● SUPPLIED DATA:
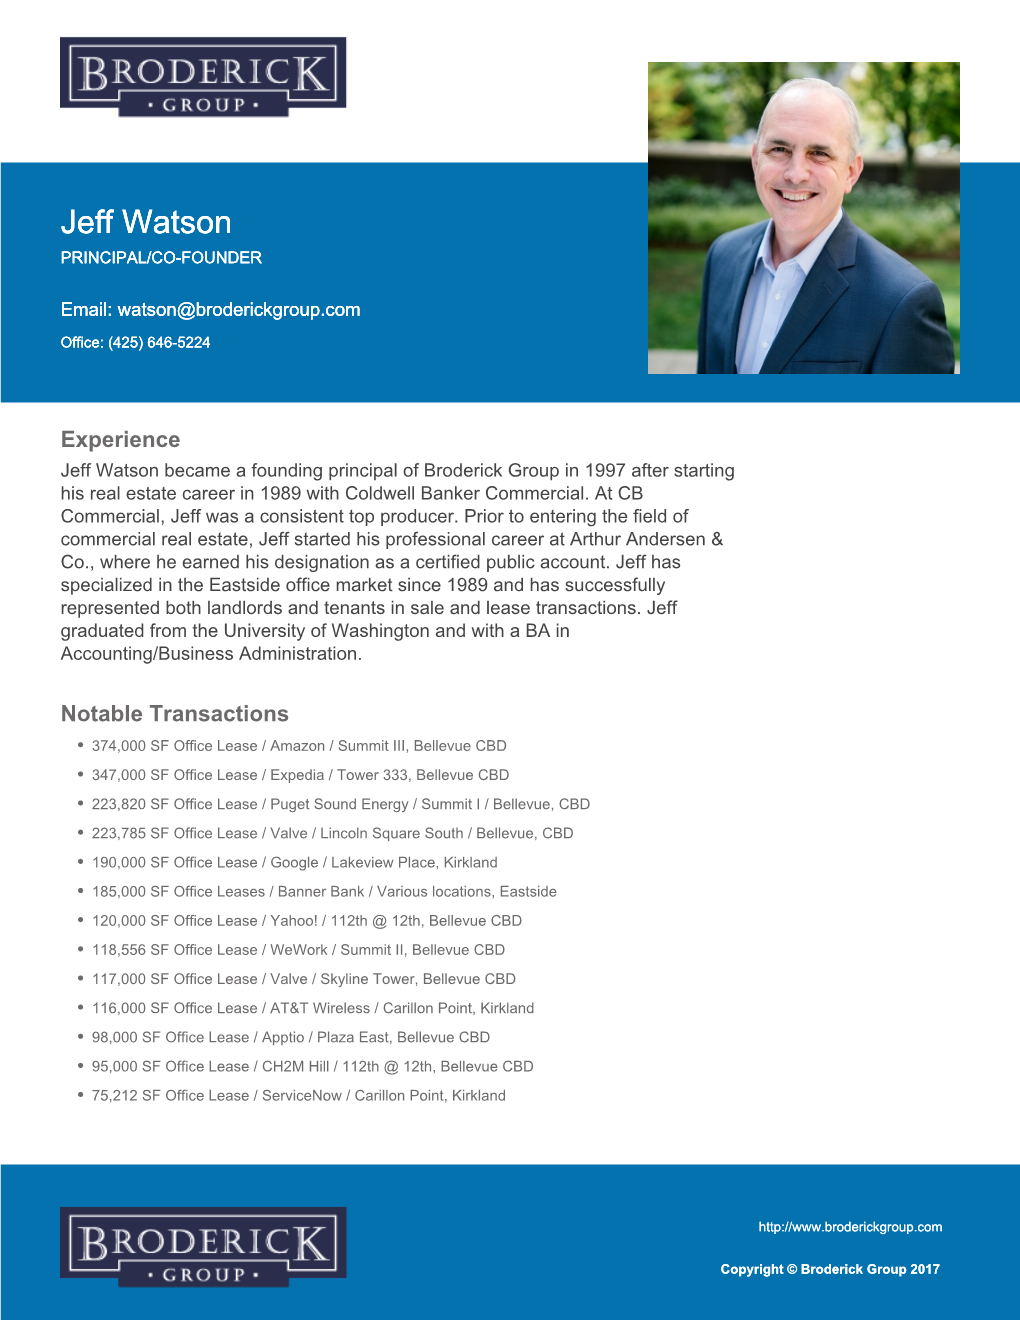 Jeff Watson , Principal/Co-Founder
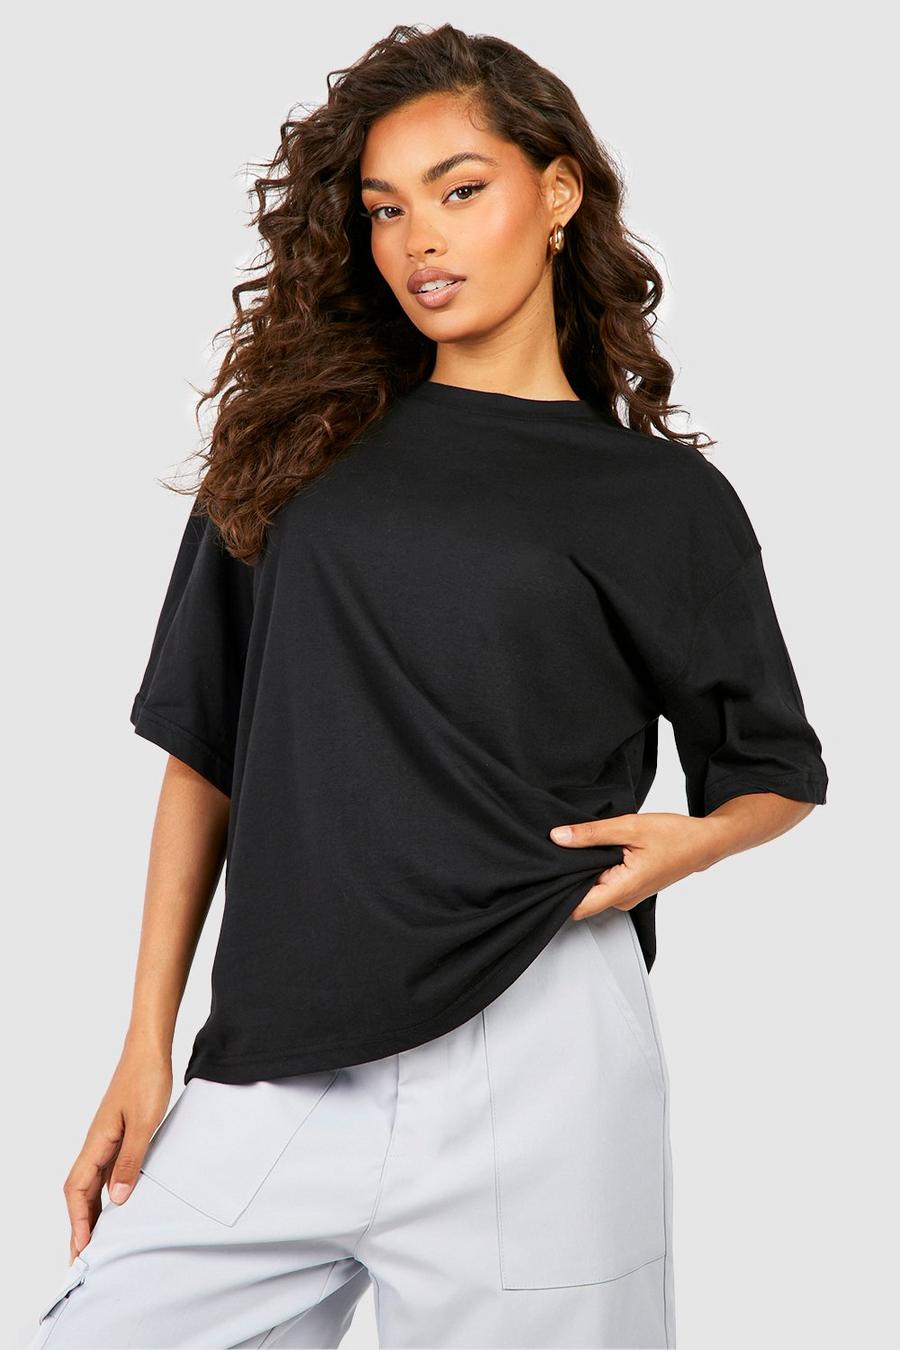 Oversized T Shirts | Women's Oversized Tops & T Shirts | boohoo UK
...
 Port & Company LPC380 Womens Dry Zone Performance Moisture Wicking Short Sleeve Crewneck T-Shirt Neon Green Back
...
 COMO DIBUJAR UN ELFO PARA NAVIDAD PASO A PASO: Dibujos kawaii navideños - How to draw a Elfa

● WHAT THE EXERCISE ASKS:
Within the material above, find the part that opens with the line containing "Jeff Watson , Principal/Co-Founder" and closes with the line containing "Oversized T Shirts", and reproduce it exactly without the pictures.

● EXPECTED ANSWER:
 Jeff Watson , Principal/Co-Founder
 Oversized T Shirts | Women's Oversized Tops & T Shirts | boohoo UK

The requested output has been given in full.